Appellee appealed to the court of appeals, raising three assignments of error. The appellate court overruled the first two assignments of error and thus affirmed appellee's convictions. However, the court sustained the third assignment of error, holding that the trial court erred in failing to order a presentence report in accordance with Crim.R. 32.2 and in failing to sentence the defendant in accordance with the sentencing guidelines of R.C. 2929.12. The court of appeals stated that pursuant to Crim.R. 32.2, a presentence report is mandatory in felony cases, and that the statement of the trial court that it had considered the provisions of R.C. 2929.12 was almost an "insuring afterthought." The appellate court remanded the case to the trial court for resentencing in accordance with its opinion.
The matter is before this court on the allowance of the state's motion for leave to appeal.
Rocky A. Coss, Prosecuting Attorney, for appellant.
Jeffrey Jon Lyle, for appellee.
This case presents two issues for our consideration: first, whether Crim.R. 32.2 requires a presentence investigation before a defendant convicted of a felony is sentenced; and second, what must appear in the record to reflect that the trial court considered the sentencing guidelines of R.C. 2929.12. For the reasons that follow, we reverse the court of appeals.

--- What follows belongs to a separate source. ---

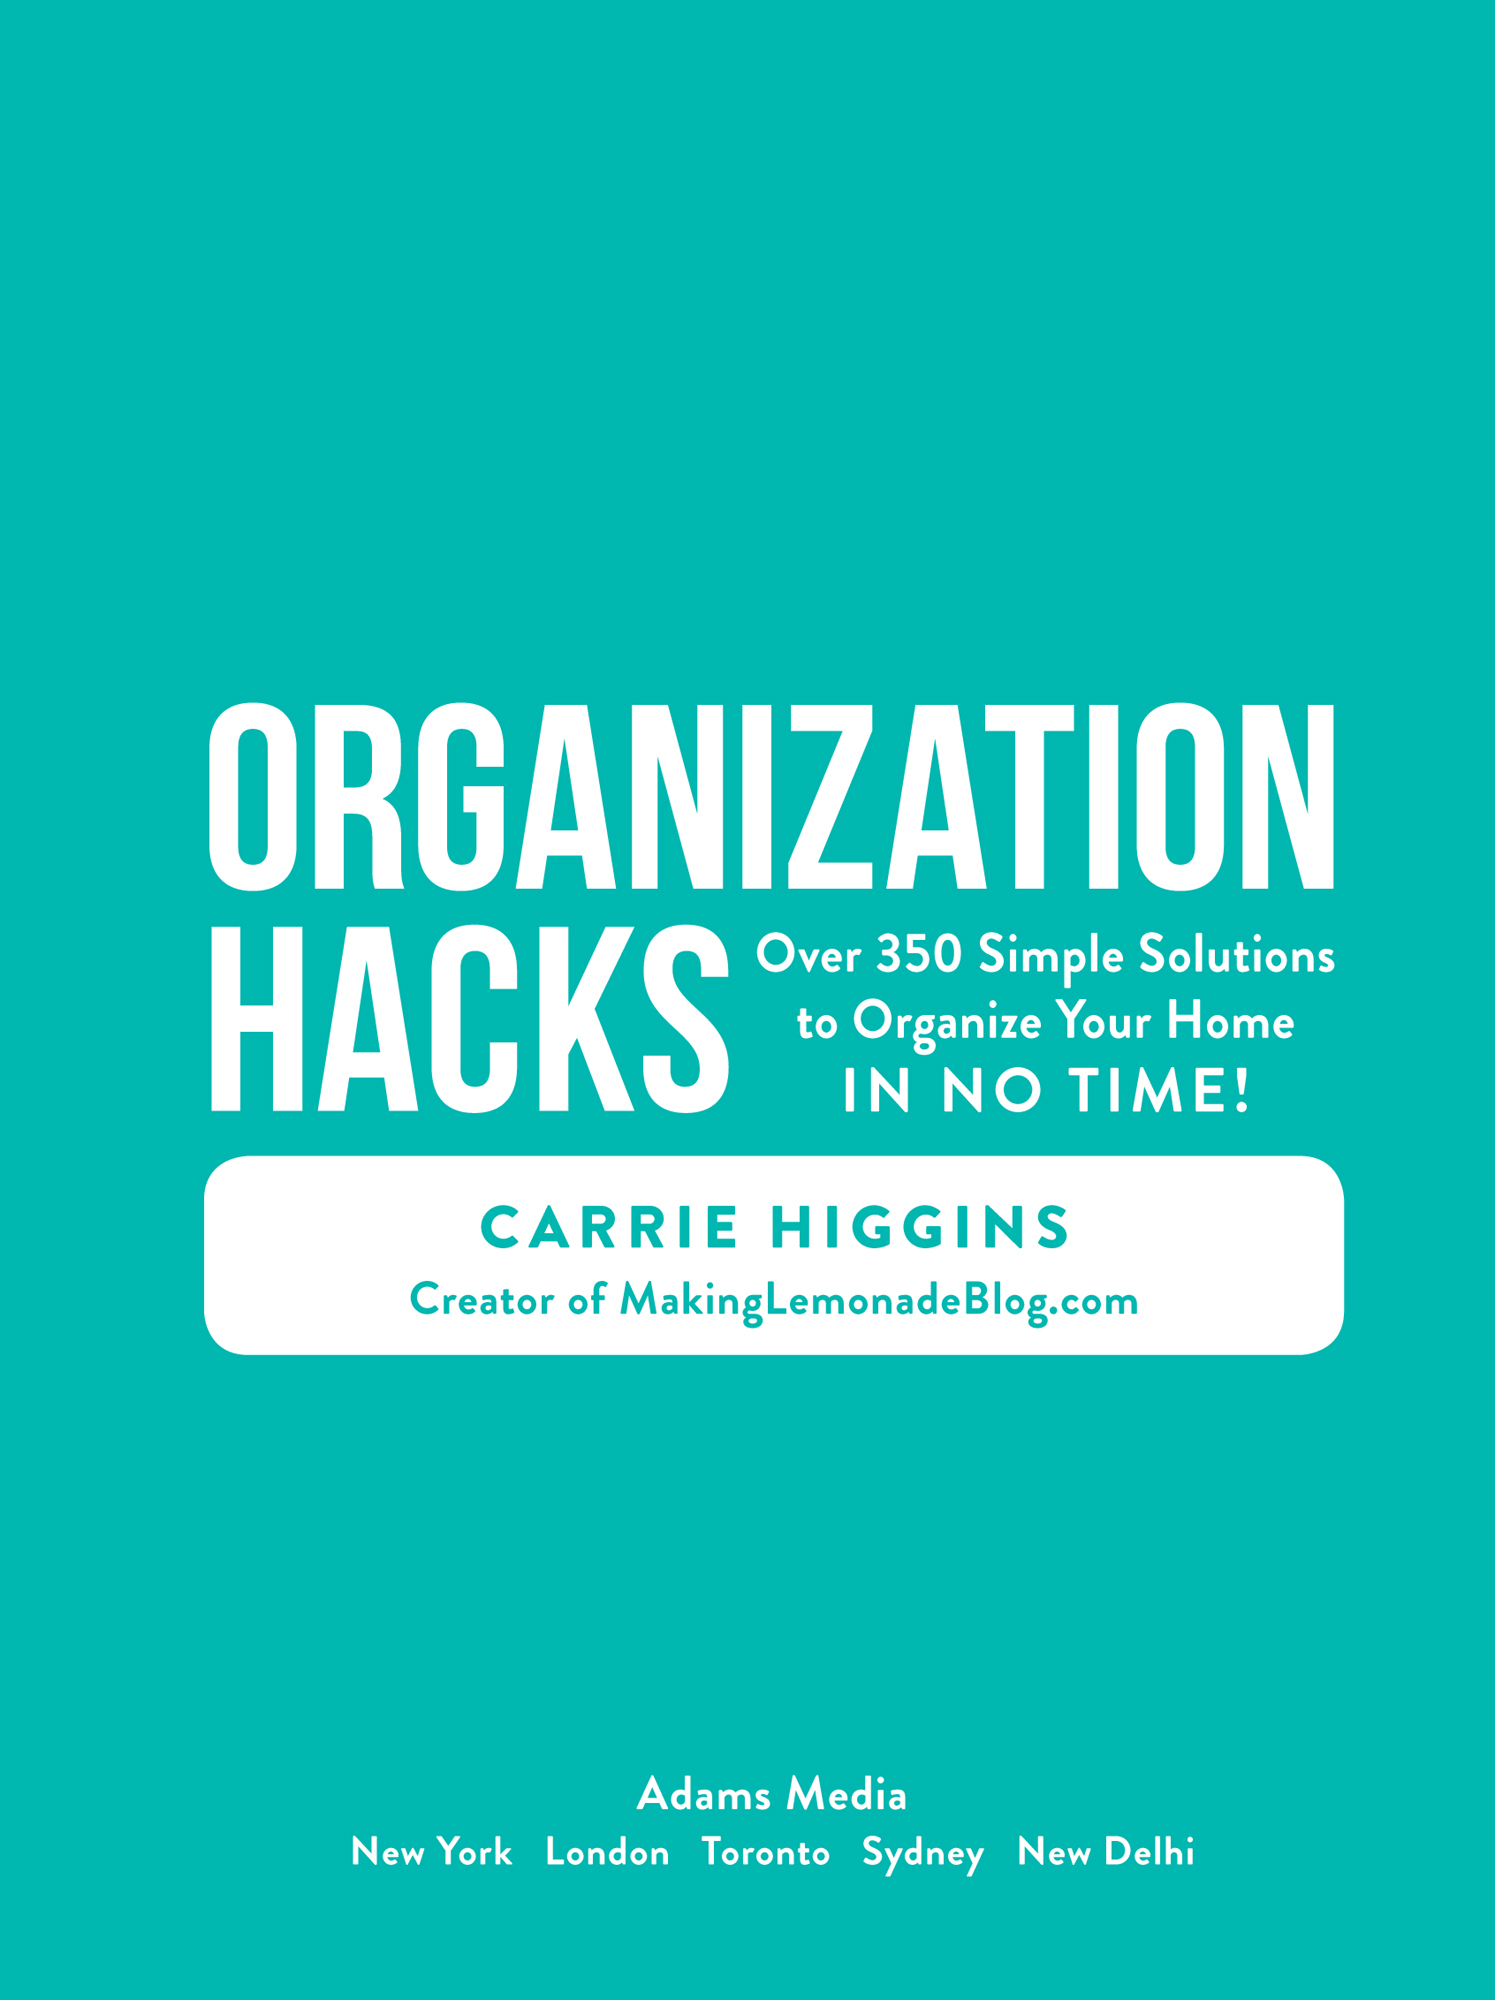 Organization Hacks Over 350 Simple Solutions to Organize Your Home in No Time - image 2
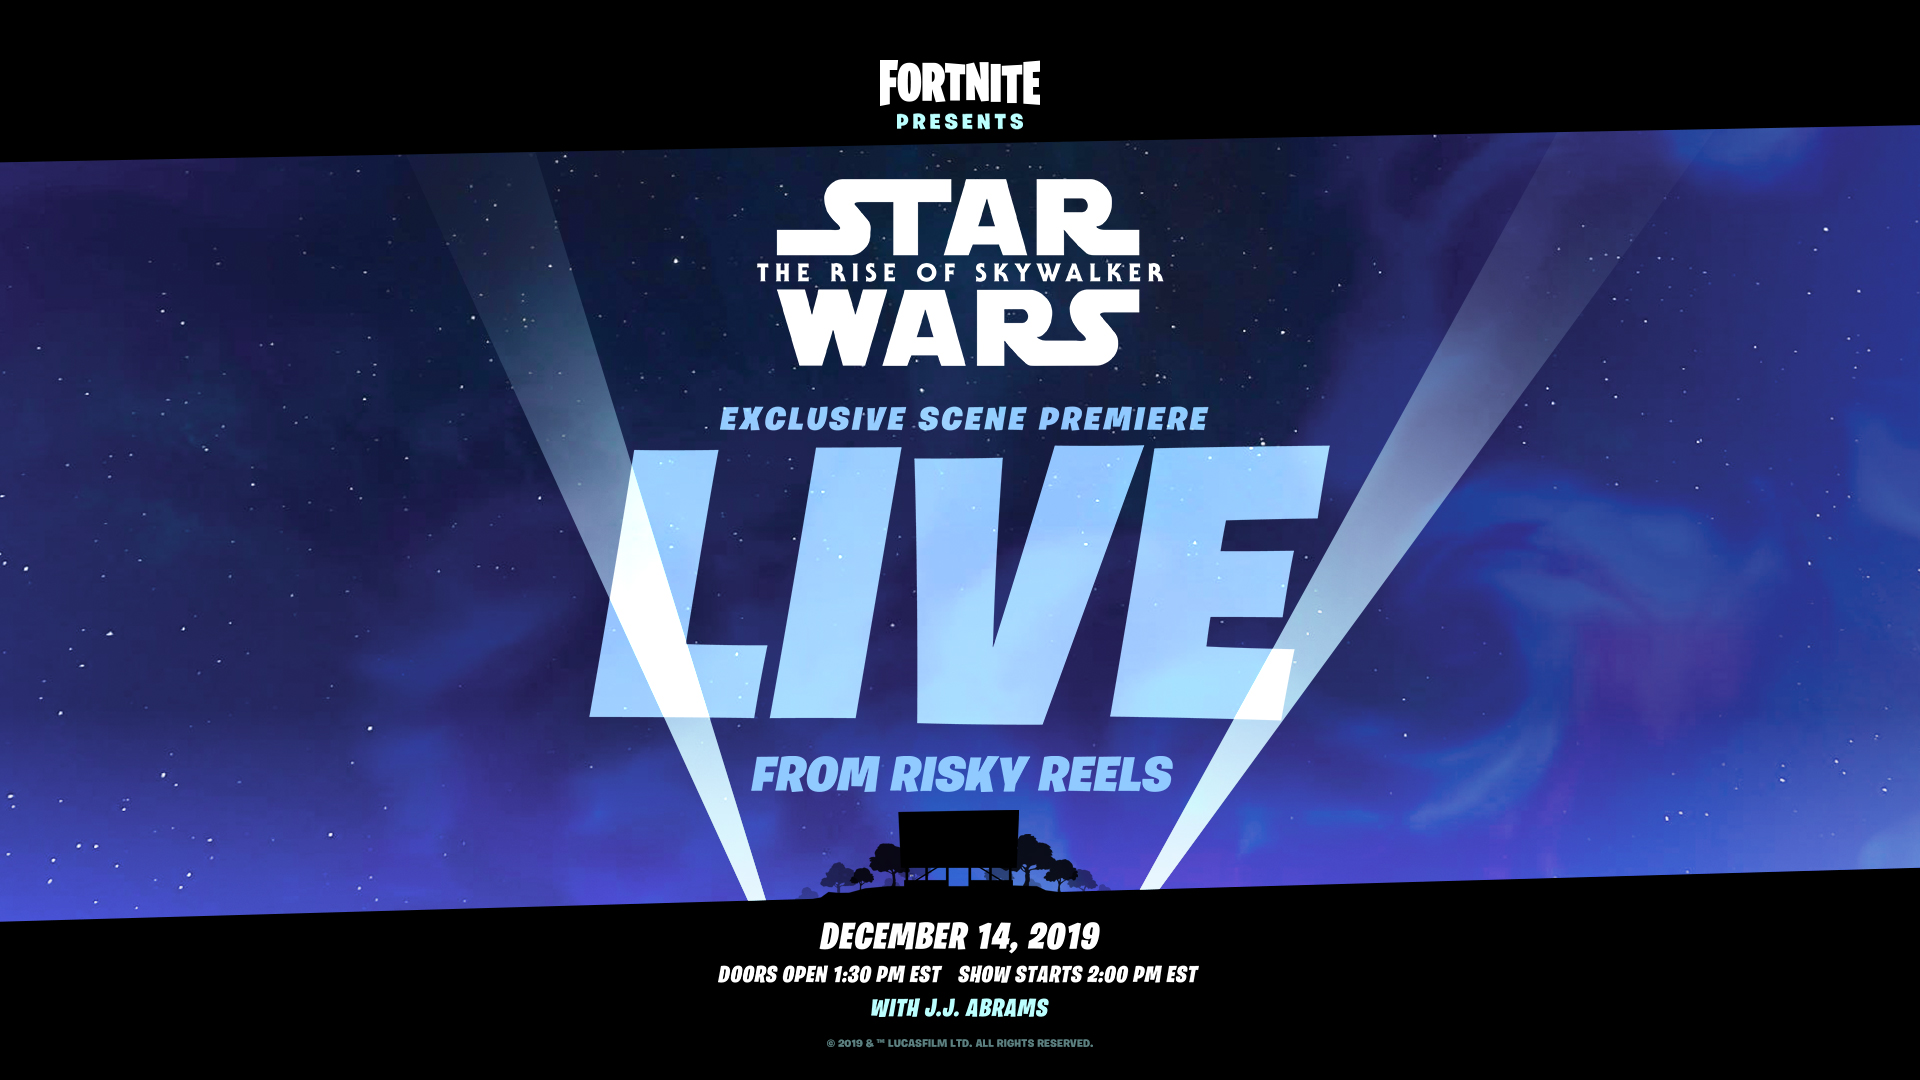 'Fortnite' 'Star Wars The Rise of Skywalker' Live Event Countdown

As to the first issue, appellee argues that in a felony case, a presentence report is mandatory. The appellate court agreed, stating: "Crim.R. 32.2 provides that a pre-sentence investigation be done prior to the court imposing `sentence on a convicted de-fendant [ sic].'" The appellate court misreads Crim.R. 32.2. That rule in relevant part states: "(A) * * * In felony cases the court shall * * * order a presentence investigation and report before granting probation." (Emphasis added.) If probation is not at issue, the rule does not apply. In this case, because one of his convictions was for rape, appellee is not even eligible for probation. See R.C. 2951.02(F)(4). Thus the failure of the trial court to order a presentence investigation was not error.
Appellee has characterized the trial court's post-sentence statement regarding the sentencing criteria of R.C. 2929.12 as an afterthought. Appellee argues that the record does not support the conclusion that the trial court considered these criteria before imposing sentence.
This court has held that: "A silent record raises the presumption that a trial court considered the factors contained in R.C. 2929.12." State v. Adams (1988), 37 Ohio St.3d 295, 525 N.E.2d 1361, paragraph three of the syllabus; accord State v. O'Dell (1989), 45 Ohio St.3d 140, 147, 543 N.E.2d 1220, 1227. Nothing in the statute or the decisions of this court imposes any duty on the trial court to set forth its reasoning. The burden is on the defendant to come forward with evidence to rebut the presumption that the trial court considered the sentencing criteria. Here, the defendant did not do so. Since such a statement is not required, its timing is irrelevant.
We do not suggest that the preferred practice is to pass sentence without a statement that the sentencing criteria were followed or that a statement, if made, should not be entered in the record prior to imposition of sentence. However, a post-sentencing statement that the sentencing criteria were followed is surely not a greater indication of criteria violation than the silent-record presumption approved in State v. Adams, supra. Since a defendant must rebut the presumption that the sentencing criteria were followed where the record is silent, it follows that the defendant in the case before us should be required to challenge the content (rather than the timing) of the trial court's statement.
We reverse the judgment of the court of appeals with respect to appellee's sentence and reinstate the sentence of the trial court.
MOYER, C.J., SWEENEY, HOLMES, DOUGLAS, WRIGHT and RESNICK, JJ., concur.